More plan sponsors seeking to keep participant assets in plan after retirement
PIMCO's recent 15th annual defined contribution consulting survey also finds 401(k) plans pivoting to solutions for retirement income.
An emerging trend in 401(k) plans is a growing interest on the part of plan sponsors in keeping participant assets in plan even after participants retire. That’s according to PIMCO’s recent 15th annual defined contribution consulting survey. Three-fourths of responding plan sponsors said they prefer to keep participant assets in plan after participants enter retirement, up from less than half in 2015.
For plans seeking to hold onto such assets, the most popular plan consultant recommendations included allowing flexibility in income distribution, adding retirement education/tools and communicating the value of staying in plan.
“[I]t is clear that plan sponsors are changing how they view 401(k)s from what historically had been a vehicle for savings to one that will generate income for participants,” said Rene Martel, head of retirement for PIMCO, a fixed-income investment manager.
Among the other findings:
Target-date funds: Target-date funds remain the most recommended Qualified Default Investment Alternative, with all consultants and advisors surveyed ranking it their number one choice.
More than two-thirds of institutional consultants said reviewing TDFs was a top priority, indicating they are keeping a close eye on fees and performance.

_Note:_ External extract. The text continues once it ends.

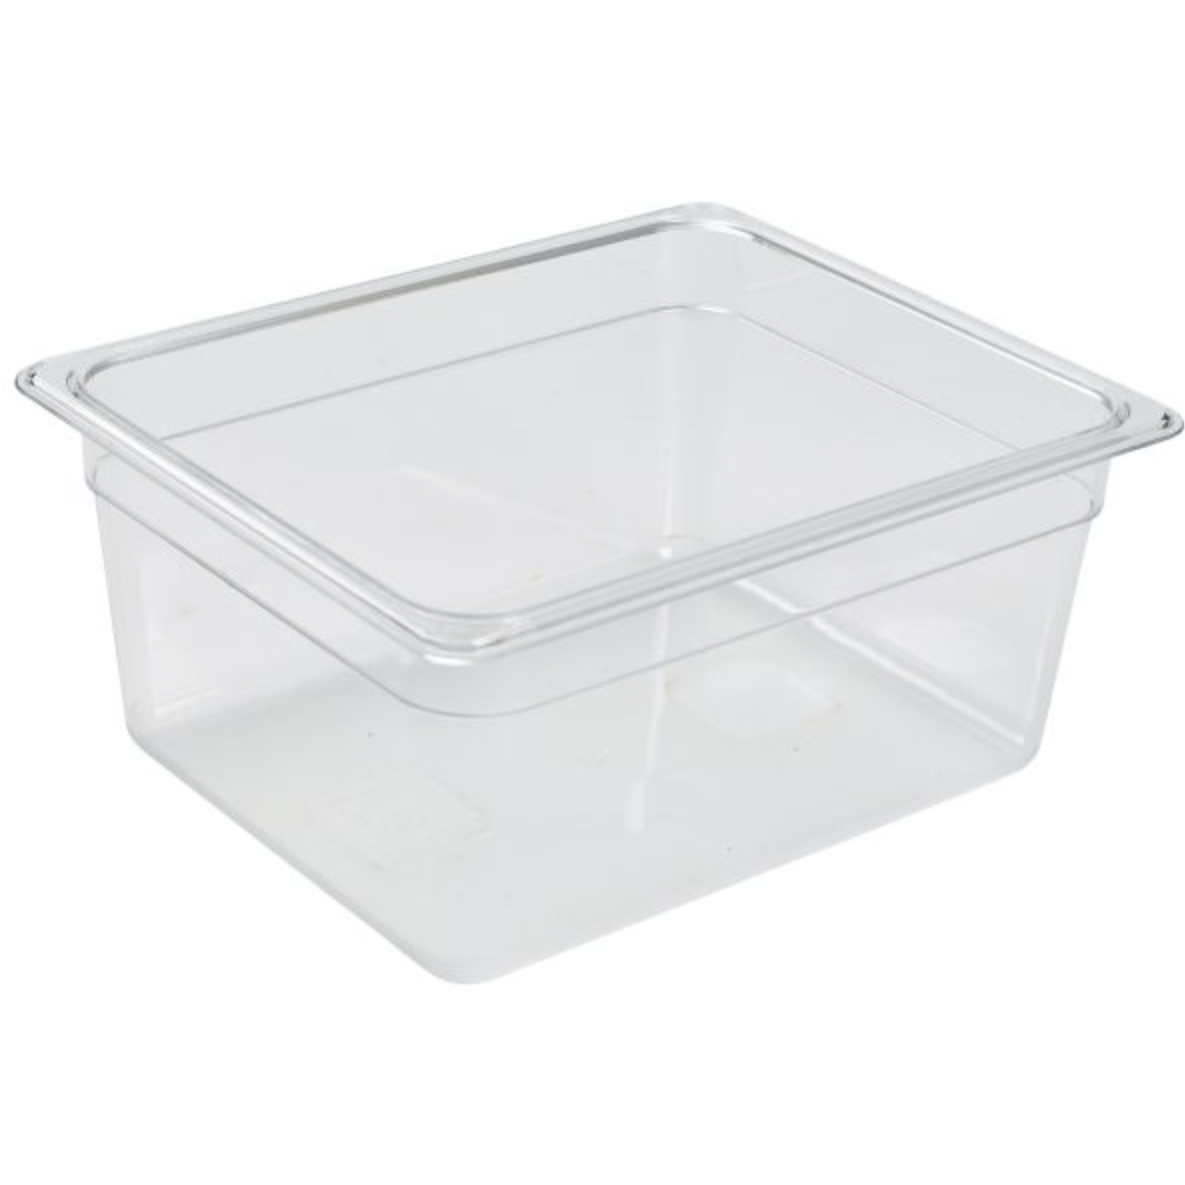 GenWare 1/2 -Polycarbonate GN Pan 150mm Clear
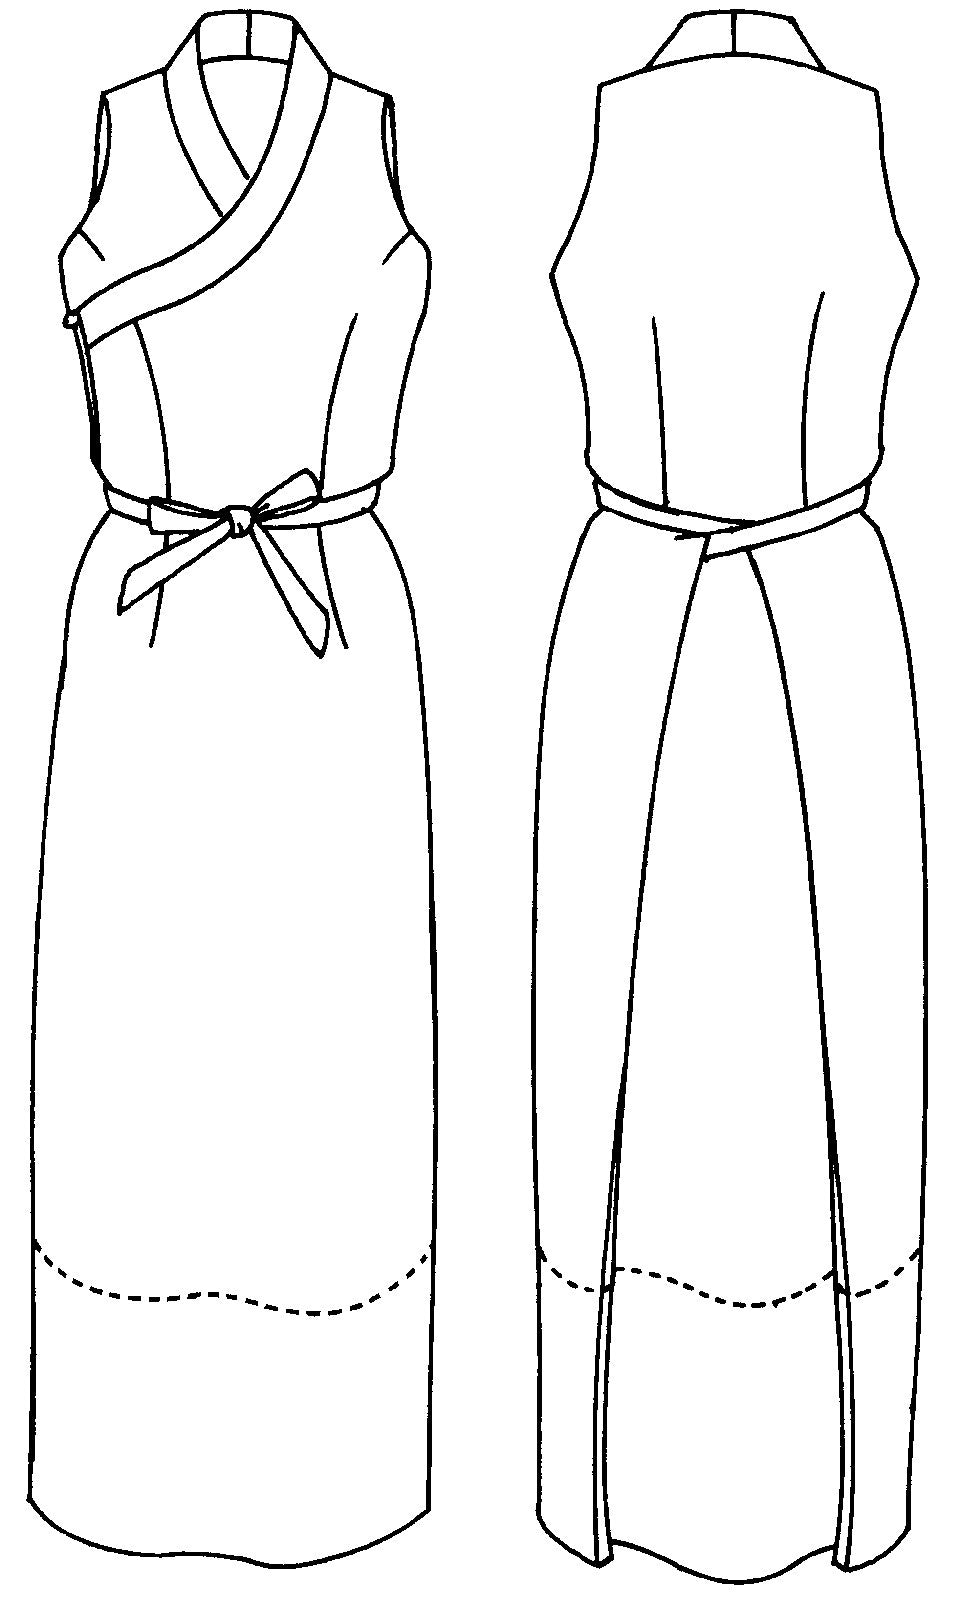 Flat line drawings of front and back views of 131 Tibetan Chupa Jumper.

Active and passive management: The majority of consultants recommend a blend of actively managed and passive funds for core investments, with more than 90 percent preferring an active-passive blend for equities and 87 percent favoring all-active for capital preservation.
Of the survey respondents, 67 percent preferred an active/passive blend in fixed income, with the others favoring all-active.
ESG investment options: Interest in ESG investment options continues to grow, with more than half of consultants already or planning to recommend sustainable options. However, 54 percent of those surveyed said they needed to have greater regulatory/legal comfort before implementing an ESG solution.
PIMCO surveyed 47 consultants and advisory firms that serve more than 33,000 clients with $6.7 trillion in total assets in defined contribution plans as part of the firm’s effort to capture the breadth of views in the industry as well as services available amid rapidly changing demographics of plan participants. Published results were based on responses from firms with more than $10 billion in DC assets under management.
“The survey’s findings reflect the ongoing changes in defined contribution — a pivot to solutions for retirement income, best practices for default fund/target date funds and evaluation of ESG products — and provide invaluable insights for sponsors and consultants who want to best serve end investors,” said Julie Meggers, PIMCO’s global head of consultant relations.